Deploy and monitor Spark models with DataRobot MLOps¶
This page shows how to use DataRobot's Monitoring Agent (MLOps agent) to manage and monitor models from a central dashboard without deploying them within MLOps.
You will explore how to manage and monitor remote models—models that are not running within DataRobot MLOps—deployed on your own infrastructure. Common examples are serverless deployments (AWS Lambda, Azure Functions) or deployments on Spark clusters (Hadoop, Databricks, AWS EMR).
The sections below show how to take a DataRobot model to be deployed on a Databricks cluster and monitor this model with DataRobot MLOps in a central dashboard. This dashboard covers all of your models, regardless of where they were developed or deployed. This approach works for any model that runs within a Spark cluster.
Create a model¶
In this section, you are creating a model with DataRobot AutoML, then importing it into your Databricks cluster, using the Lending Club dataset.
Note
If you already have a regression model that runs in your Spark cluster, you can skip this step and proceed to Install the MLOps monitoring agent and library.
-
To upload the training data to DataRobot, do either of the following:
-
Click Local File, and then select the LendingClub dataset CSV file from your local filesystem.
-
Click URL to open the Import URL dialog box and copy the LendingClub dataset URL above:
In the Import URL dialog box, paste the LendingClub dataset URL and click Import from URL:
-
-
Enter
loan_amt
as your target (1) (what you want to predict) and click Start (2) to run Autopilot. -
After Autopilot finishes, click Models (1) and select a model with the SCORING CODE label (2) at the top of the Leaderboard (3).
-
Under the model you selected, click Predict (1) and click Downloads (2) to access the Scoring Code JAR download.
Note
The ability to download Scoring Code for a model from the Leaderboard depends on the MLOps configuration for your organization.
-
Click Download (3) to start the JAR file download.
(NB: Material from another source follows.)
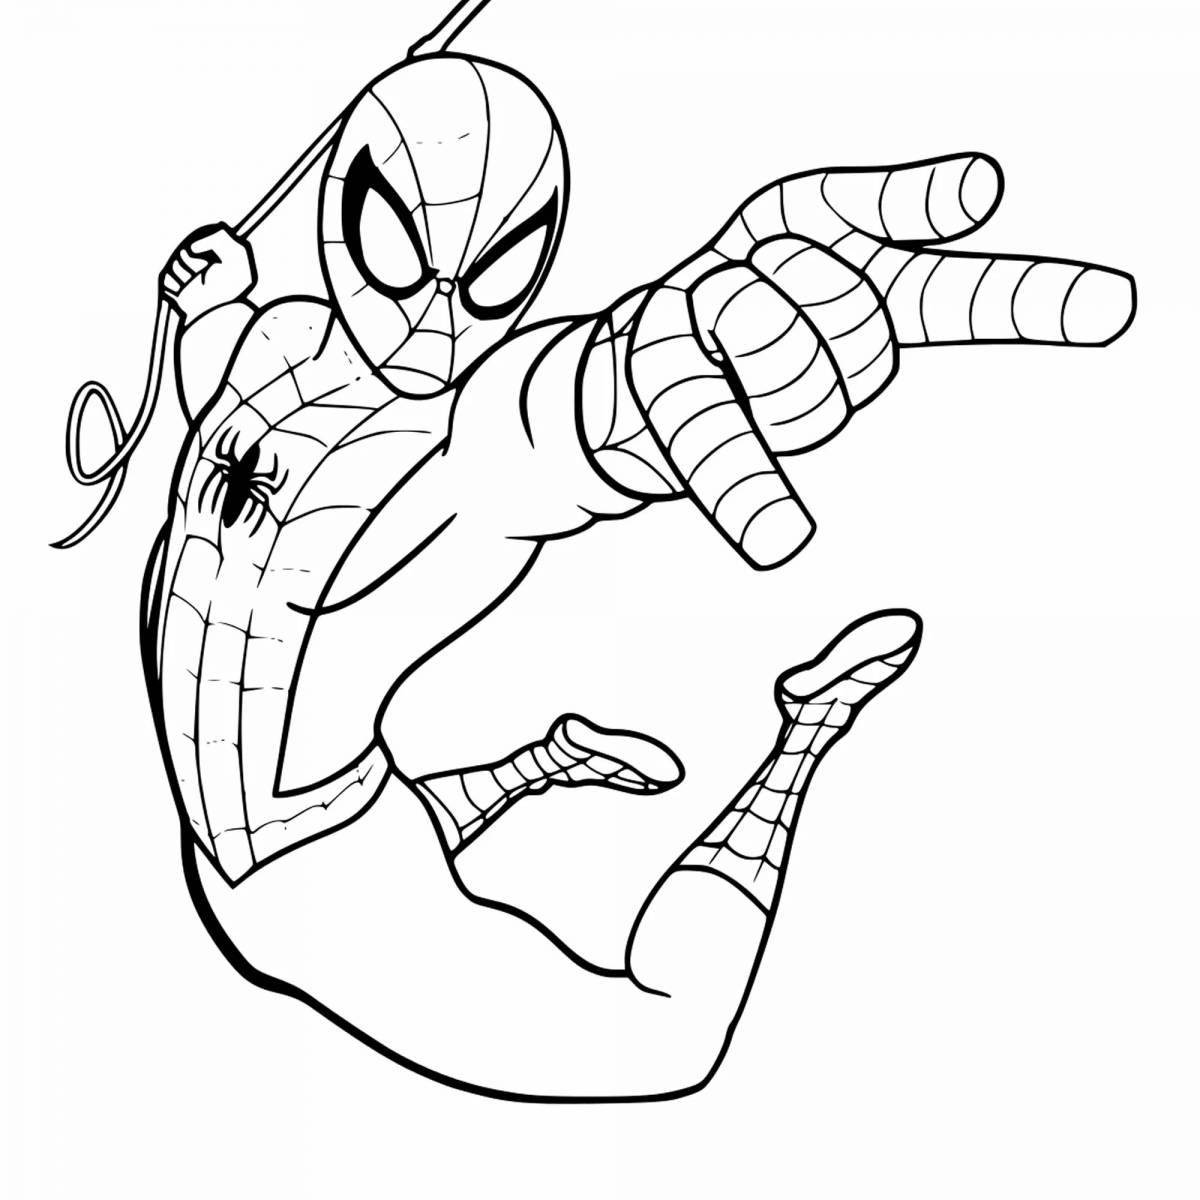 Spider-Man fun team coloring page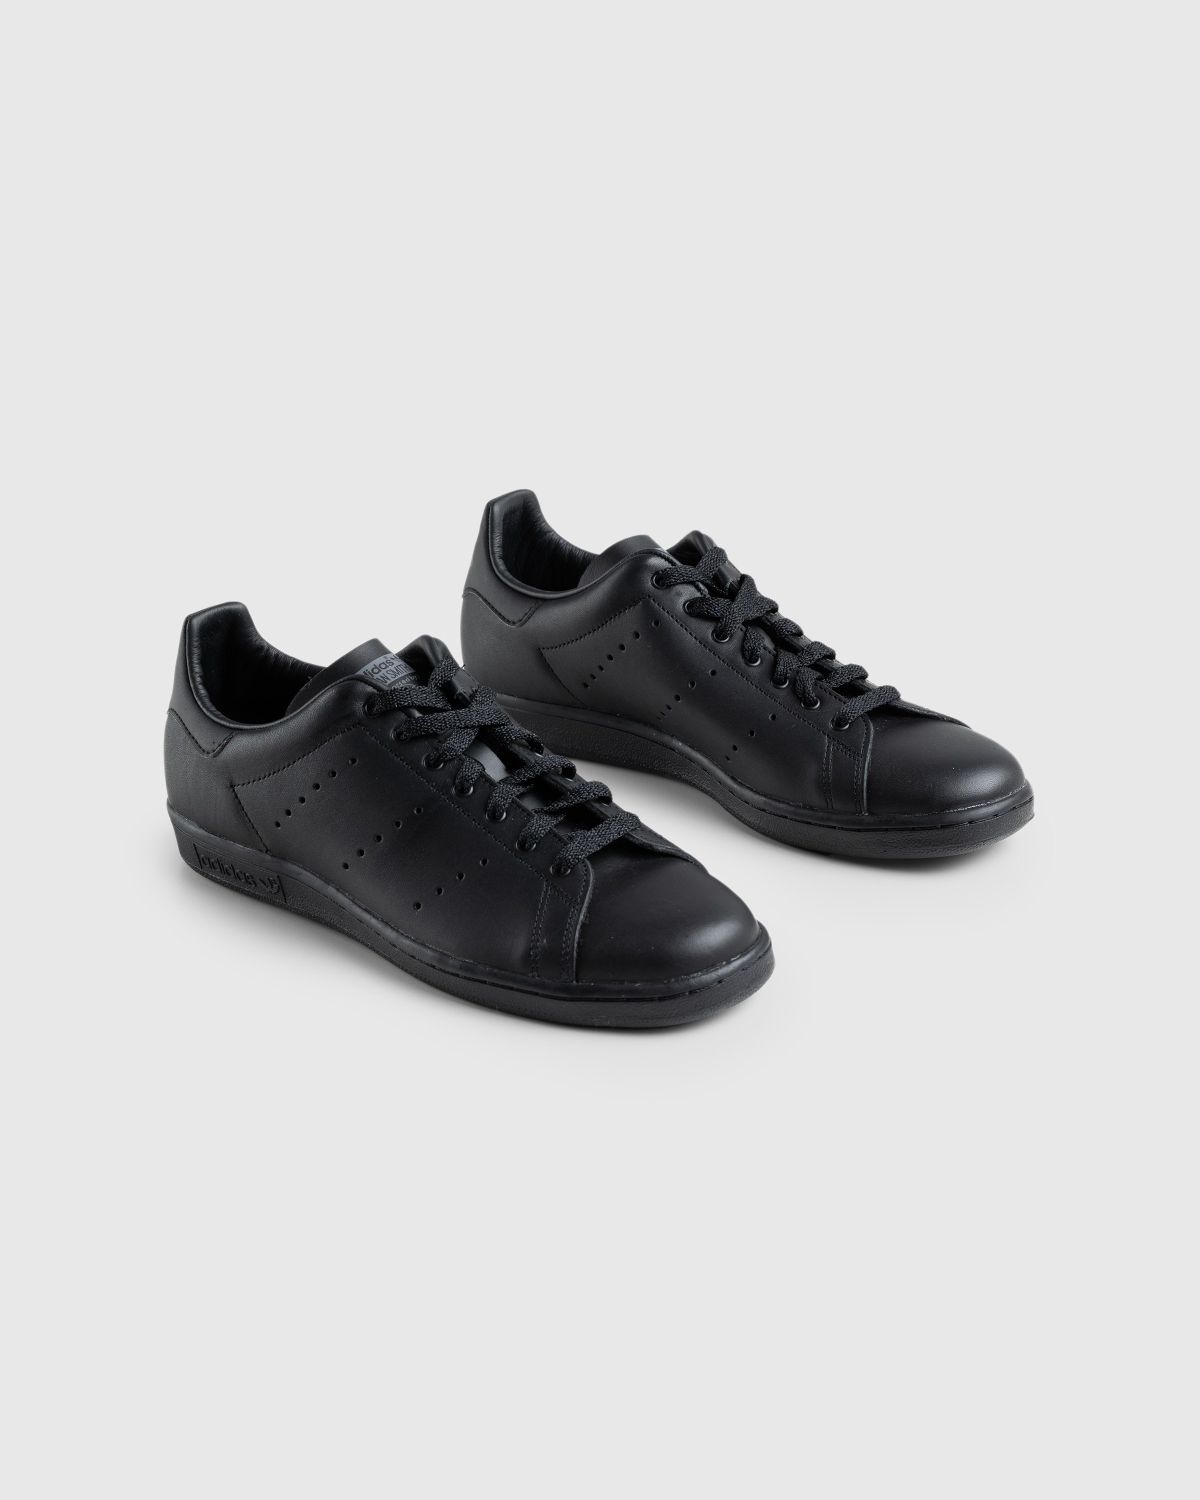 Adidas – Stan Smith 80s Black - Low Top Sneakers - Black - Image 3

For more information, see the documentation on Scoring Code.
Deploy a model¶
To install Scoring Code, you can install the previously downloaded JAR file, along with Spark Wrapper, on the Databricks cluster as shown below.
-
Click Clusters to open the cluster settings.
-
Select the cluster to which you'd like to deploy the DataRobot model.
-
Click the Libraries tab.
-
Click Install New.
-
In the Install Library dialog box, with the Library Source set to Upload and the Library Type set to JAR, drag-and-drop the Scoring Code JAR file (e.g.,
5ed68d70455df33366ce0508.jar
), -
Click Install.
Once the install is complete, repeat the same steps and install Spark Wrapper, which you can download here, or pull the latest version of it directly from Maven.
Install the MLOps monitoring agent and library¶
Remote models do not directly communicate with DataRobot MLOps. Instead, the communication is handled via DataRobot MLOps monitoring agents, which support many spooling mechanisms (e.g., flat files, AWS SQS, RabbitMQ). These agents are typically deployed in the external environment where the model is running.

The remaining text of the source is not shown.